A picture showed a Josh who was younger by three or four years, in the days before he grew his hair, discovered amphetamines, and took to wearing shades. Josh was dressed in a blue blazer, with a white shirt open at the neck. Maybe that was how his family remembered him.

The funeral was delayed by an autopsy, to the outrage of Josh’s father. All the autopsy proved was that Josh had not been drinking. At first it seemed the funeral would be private, then someone must have talked to Colonel Treece, because it was agreed the service would be immediate family, but Josh’s friends could attend the burial and come back to the house afterwards. Mary O’Mally was the only exception. She got to go to the whole thing.

Mary looked terrible, that was the first thing everyone noticed. As she followed Josh’s coffin and its bearers up the lane towards the new graveyard, she looked like someone else. She’d lost weight and dark circles had sunk her eyes into her skull. She was crying, not discreetly, but openly and with sobs that shook her entire body.

Josh’s mother, a tiny Korean woman in a dark coat and gloves despite the heat, had one arm around Mary, trying to console her. Kate O’Mally trailed a couple of paces behind her sobbing daughter, looking out of place in a blue skirt and jacket. When she caught Kit watching her daughter, Kate’s eyes filled with something very dark indeed.

Mrs. Treece, however, simply nodded to Kit, and handed Mary to her mother, as if entrusting the woman with something infinitely fragile, while the pall bearers fiddled with canvas straps and the priest shuffled through an open prayer book, finding his place.

“You’re Christopher Newton,” she said.

Kit nodded.

“I remember. You were in Josh’s band with Mary…” Which was one way of putting it. “So you know Mary well?”

Another nod.

“She’s going to need her friends,” said Mrs. Treece. “It’s strange,” she added. “All the things that matter until something like this happens. Josh wanted to stay here with Mary, you know. His father insisted he go with us to Paris. Now all David can remember is the argument.”
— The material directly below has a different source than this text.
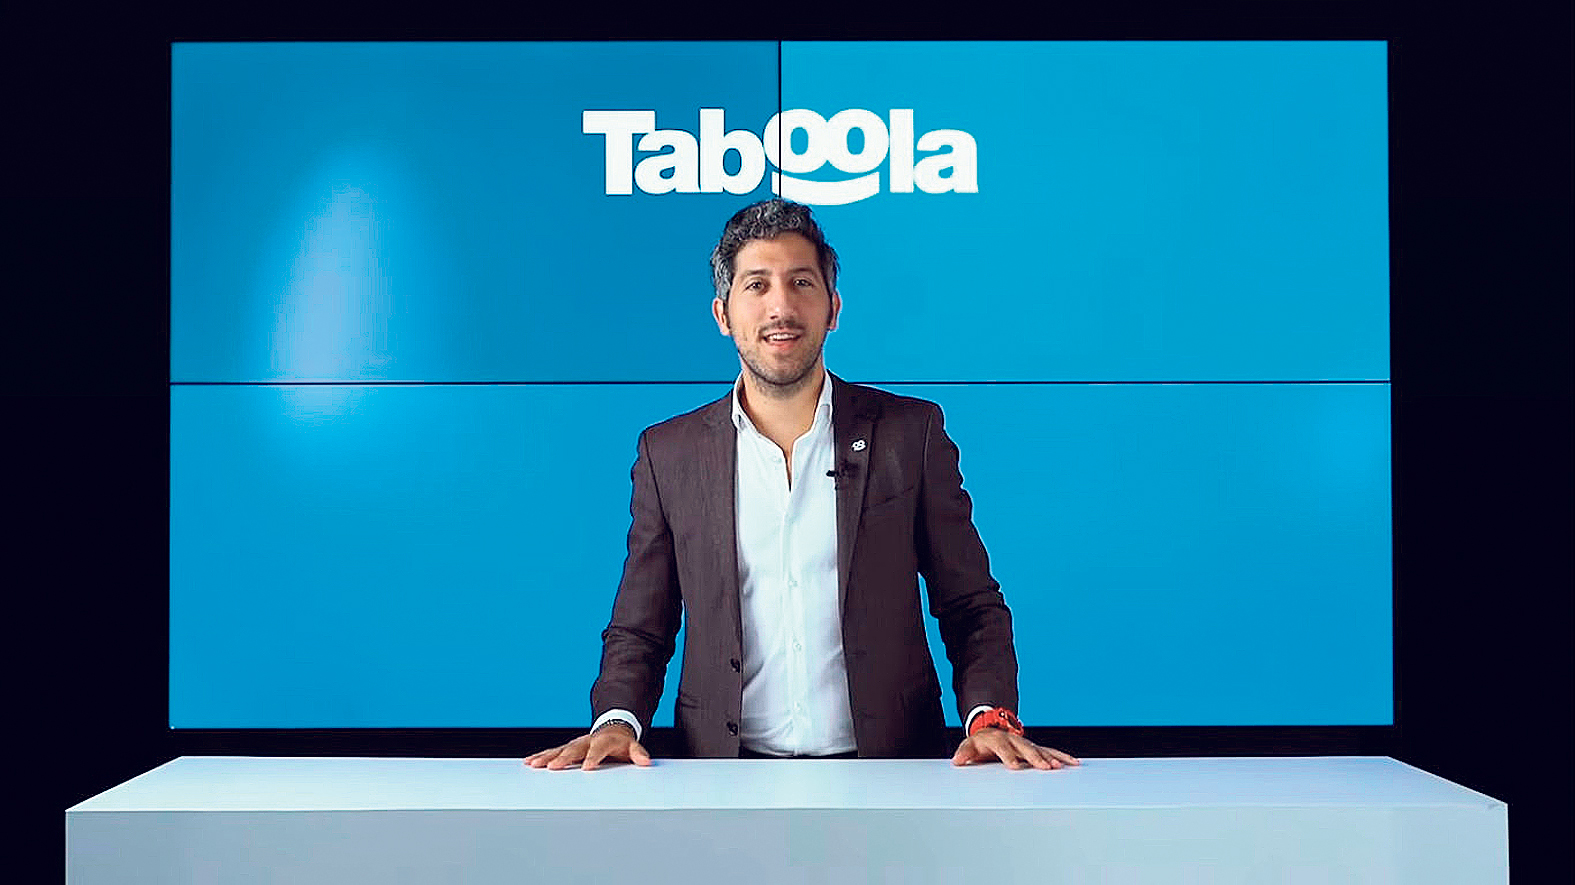 Taboola CEO Adam Singolda. Photo: YouTube

David had to be the Colonel.

“Such a waste,” Mrs. Treece said, before returning to the graveside. As Kit watched, the Colonel tried to wrap an arm around his wife’s shoulder. She shook him off without even noticing what she’d done.

It had taken Josh a week after his return from Paris to track Kit down and thirty seconds and a handful of words to make him go away, there being nothing like the truth for fucking best friends over.